I use llama_index
in Jupyter Notebooks running in Docker container. For data persistence I need to mount the cache
folder from the host to Docker
container. Basically, my question is what is the name of "cache" folder that ServiceContext
from llama_index
uses and how to locate it.
Consider the following code example in Python
:
from llama_index import VectorStoreIndex
from llama_index import ServiceContext
from llama_index.llms import OpenAI
llm = OpenAI(model="gpt-3.5-turbo", temperature=0.1)

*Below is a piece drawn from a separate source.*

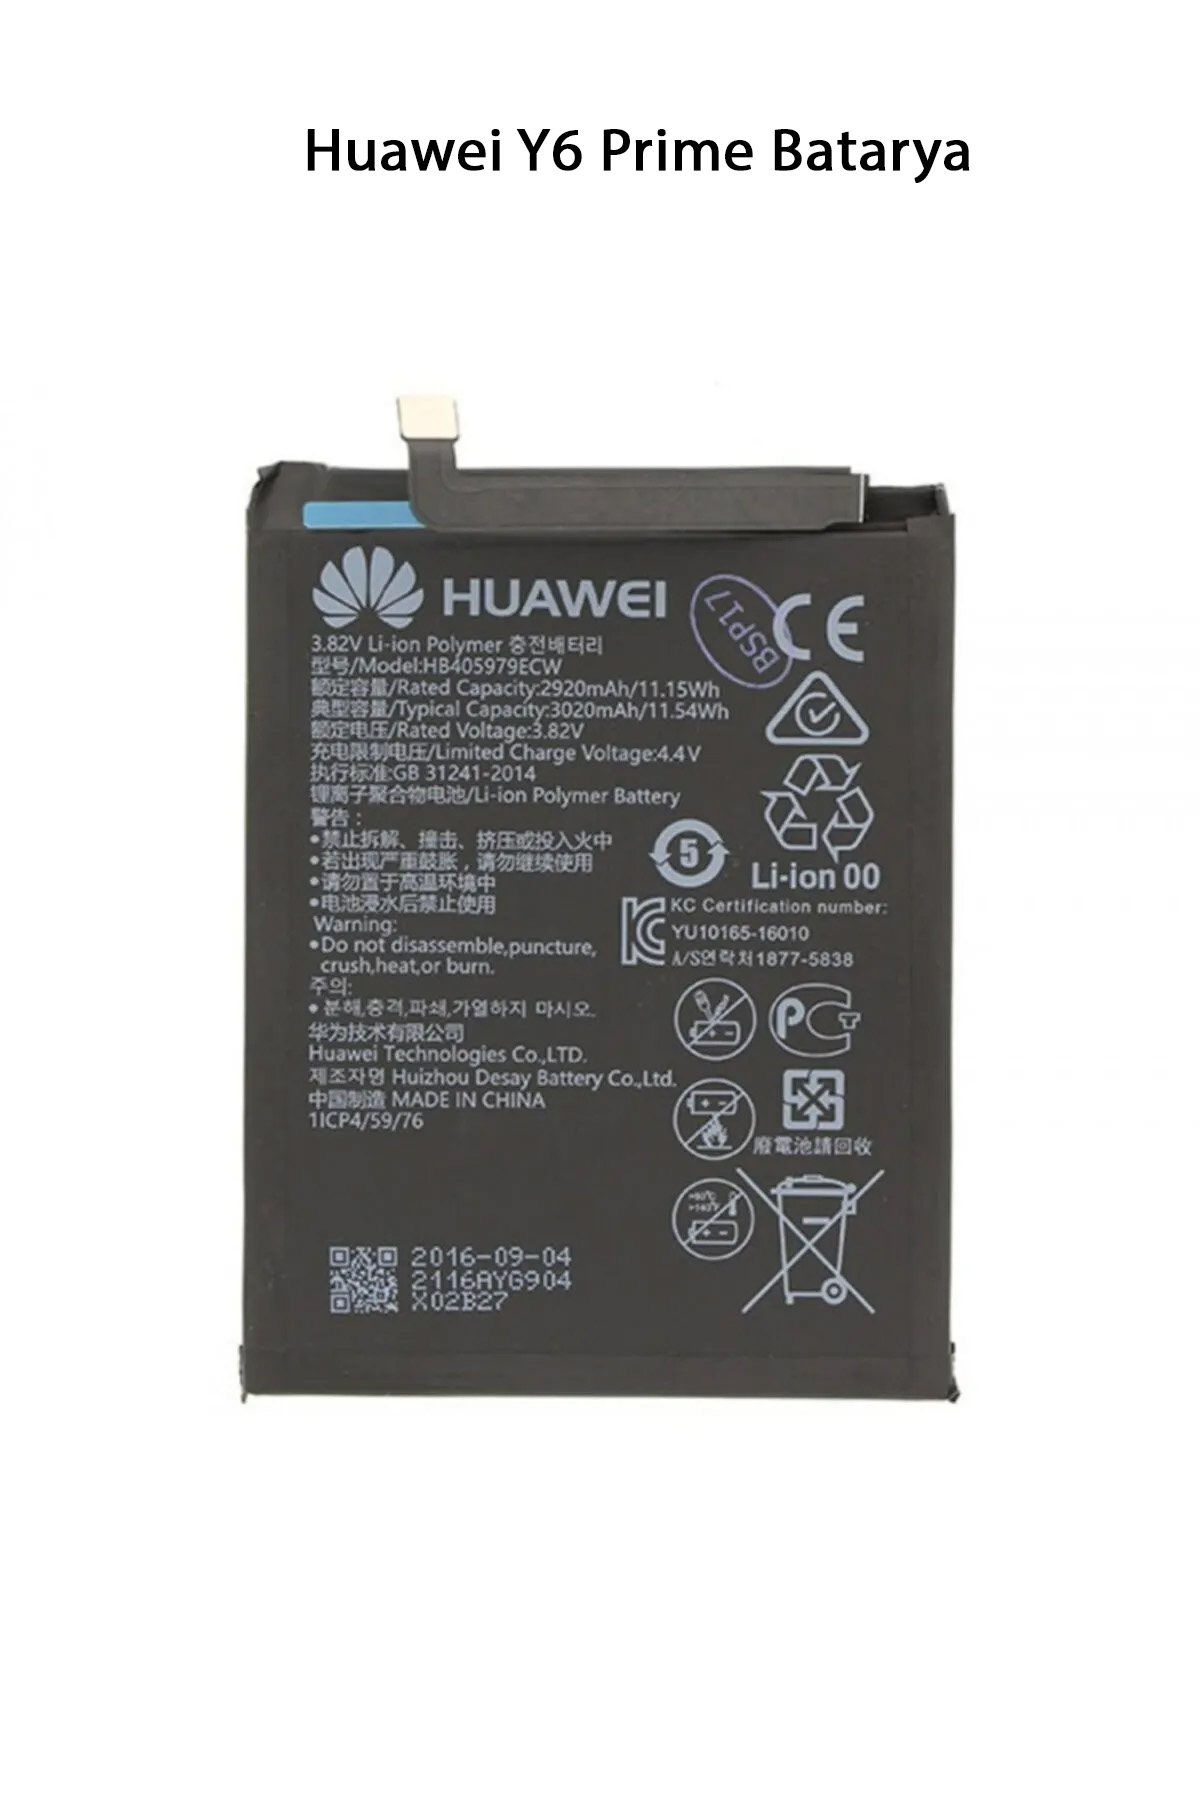 Huawei Y6 Prime Batarya Pil 3020 Mah
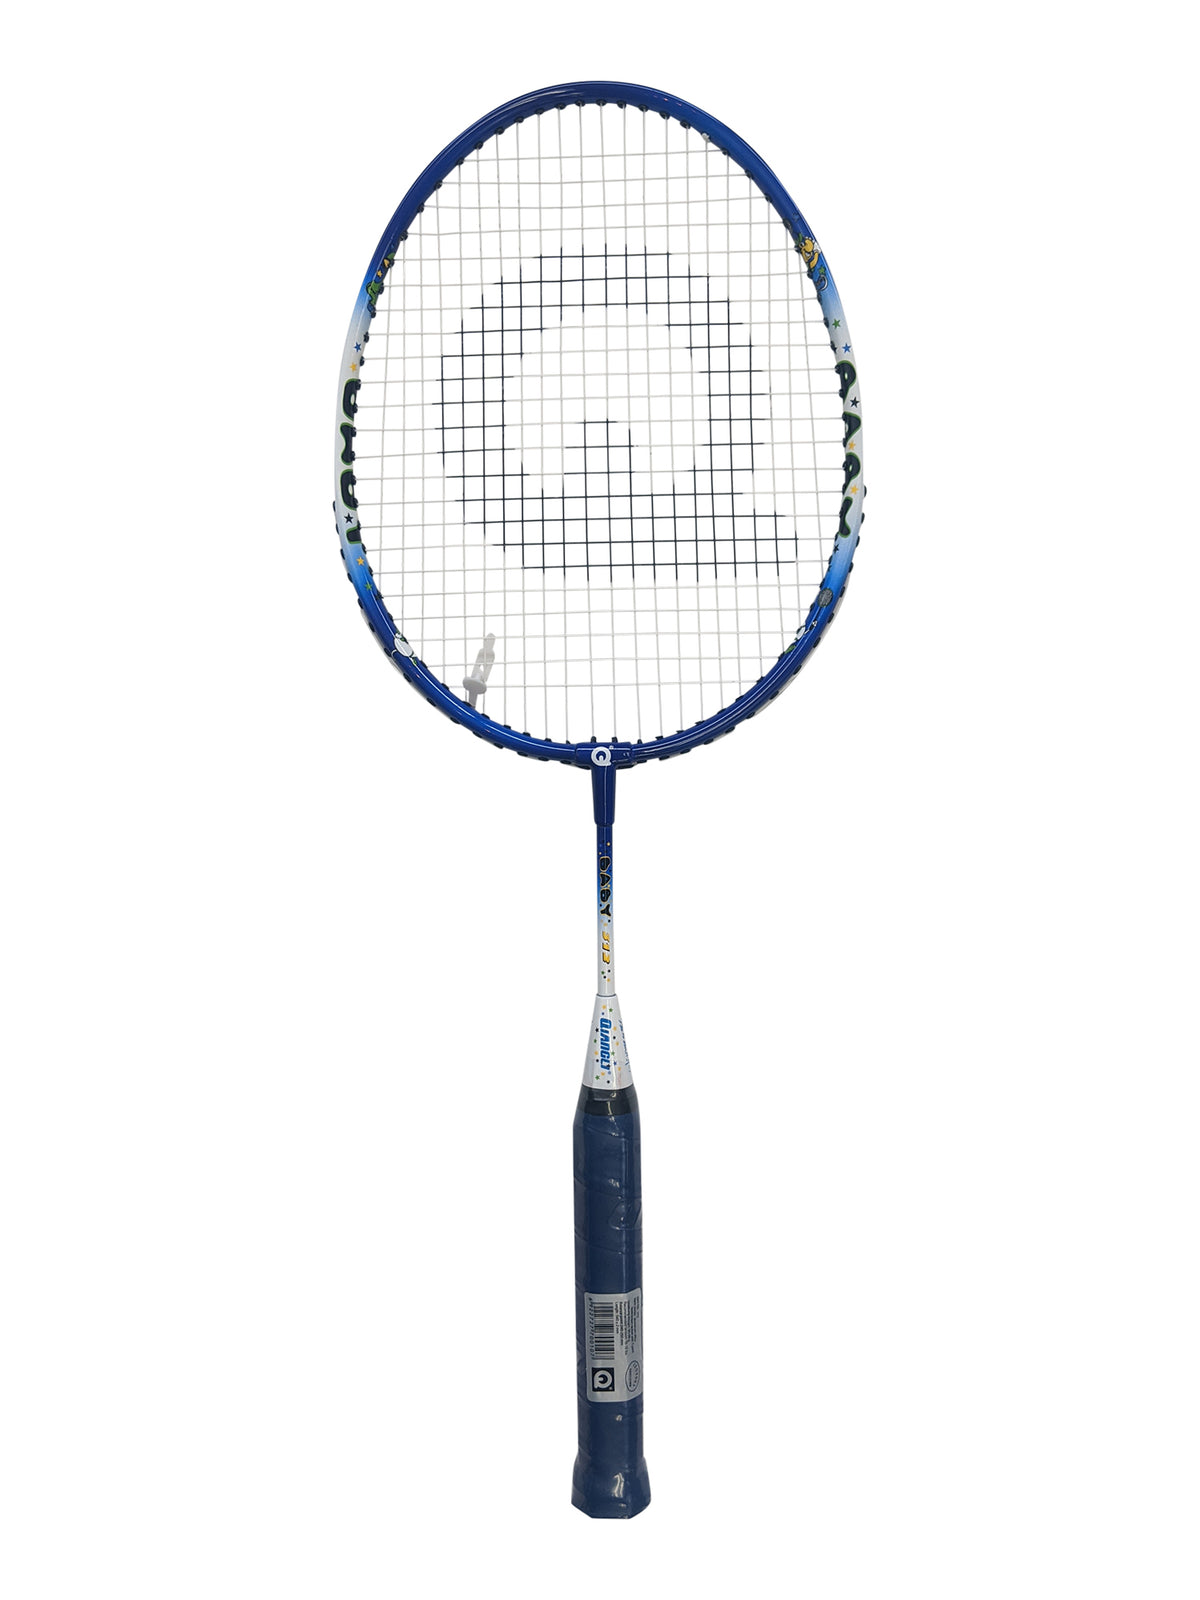 Qiangli A312 Junior aluminum badminton racket

service_context = ServiceContext.from_defaults(
llm=llm, embed_model="local:BAAI/bge-small-en-v1.5"
)
This code gives the following output:
config.json: 100%
743/743 [00:00<00:00, 32.2kB/s]
model.safetensors: 100%
133M/133M [00:32<00:00, 3.95MB/s]
tokenizer_config.json: 100%
366/366 [00:00<00:00, 31.0kB/s]
vocab.txt: 100%
232k/232k [00:00<00:00, 1.44MB/s]
tokenizer.json: 100%
711k/711k [00:00<00:00, 2.31MB/s]
special_tokens_map.json: 100%
125/125 [00:00<00:00, 12.9kB/s]
So, ServiceContext
downloaded successfully the above files. But where are these files saved on my side? I can't find it. After Jupyter Notebook restarts all this lost and I have to download it once again.
Do they use HuggingFace under the hood? I checked default .cache
folder which HuggingFace uses, there is no "local:BAAI/bge-small-en-v1.5" model artifacts.
Linux search find -iname "model.safetensors"
gave nothing.
On my Mac it's storing under ~/Library/caches/llama_index/models. It would be nice to use HF_HUB.